Turismo cinematográfico con sello Allen
El cineasta neoyorquino continúa con su periplo europeo y desembarca en la capital italiana. Historias corales, que incluyen al propio Woody, quien encarna a un director de ópera retirado con las características que lo identifican.
Woody Allen está viejo. Obvio. Su cine perdió originalidad, impacto, sarcasmo verbal, emotividad y ferocidad con buenas armas. Más que obvio. En los últimos años algunas de sus películas parecen paseos turísticos por ciudades europeas (Barcelona, Londres, Roma) más que films trascendentes por sus temas y elecciones estéticas. Obvio otra vez. ¿Y entonces, cuál es el problema? Ya hizo las obras maestras, las buenas y aceptables películas, también las malas y de inmediato olvido. Ya van 45 títulos dirigidos y resulta imposible, obviamente, encontrarse con una filmografía sin subas y bajas, donde se perciben sus reiteraciones, esquemas, lugares comunes e historias que traslucen como concebidas de “taquito” A Roma con amor es una de ellas donde Allen hace turismo cinematográfico contando una historia coral con personajes centrales y secundarios, mejor tratados algunos que otros: una joven pareja que el azar separa por unas horas, otra que espera la llegada de los padres de ella (Judy Davis y el mismo Allen), un rutinario empleado que se hace famoso de manera inesperada (Roberto Benigni) y un veterano que anduvo por la ciudad tiempo atrás (Alec Baldwin) y conocerá a su alter ego italiano. Con esos personajes y con el paisaje previsible de Roma en plan territorio para enamorados (la Fontana di Trevi, otra obviedad) y con el inicio y final con “Volare” de cortina musical (seguimos con los lugares comunes), Allen construye una película con sus momentos felices y no tanto, aquellos donde se intuye la mirada de turista enamorado de una ciudad por encima de situaciones no construidas en películas anteriores.
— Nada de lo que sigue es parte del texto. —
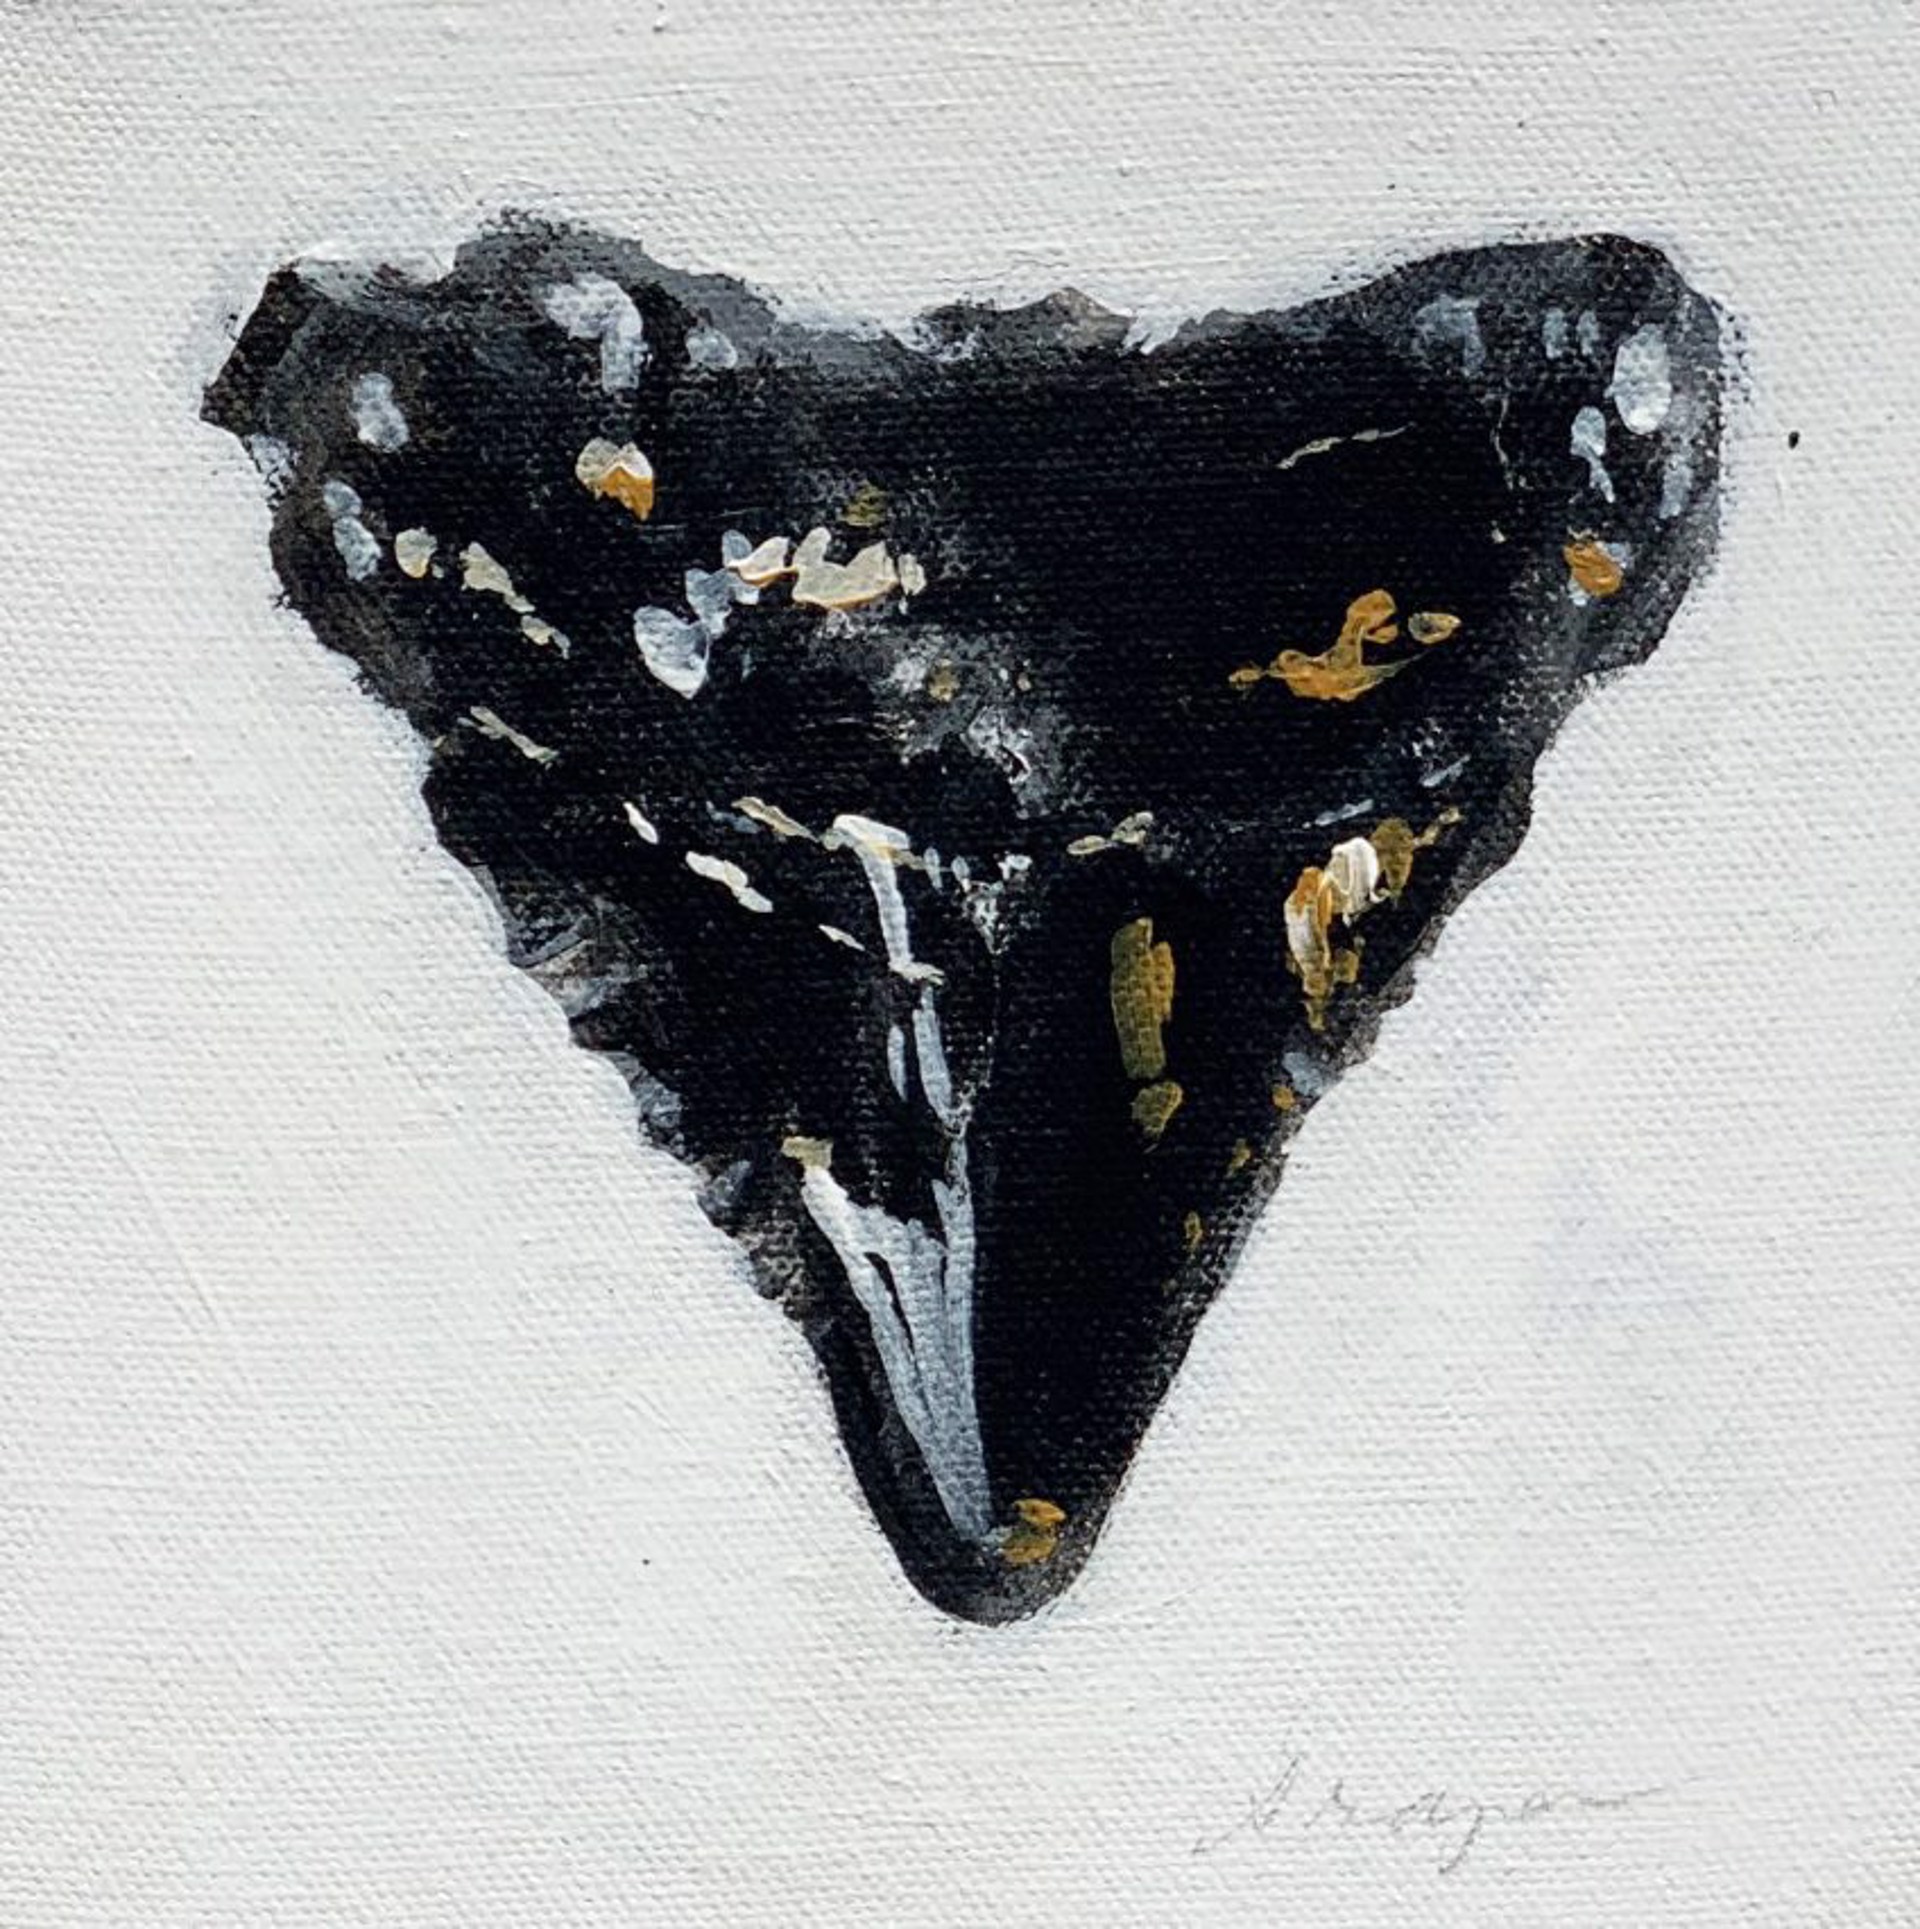 Sharksteeth-14x14 by Jim Draper

A Roma con amor marca su retorno como actor luego de algunos descansos donde no encontró un rol ideal para mostrar el paso inexorable del tiempo. Justamente, su dupla con Judy Davis, donde él encarna a un director de ópera retirado, con las características que lo identifican desde Annie Hall hasta hoy, resulta uno de los puntos fuertes de un film menor, deshilachado, que fluctúa entre profundos pozos narrativos y aislados momentos de genialidad y originalidad desde la puesta en escena. Hay otros personajes, como la joven pareja de italianos y el charlatán que encarna Benigni (insufrible, como siempre), que parecen olvidados por el guión, cuestión que sorprende tratándose de la obsesión esencial del autor. Penélope Cruz, interpretando a una prostituta (¿fetichismo de Allen de los últimos años?), trasluce como un atractivo y hermoso decorado. En fin, otro Allen que no será recordado ni ahí como una obra importante pero al que también cuesta omitirlo sin vueltas por tratarse de un film inofensivo, pasatista, inocuo y tan leve y livianito como el pegadizo estribillo de “Volare, oh, oh, oh; cantare, oh, oh…”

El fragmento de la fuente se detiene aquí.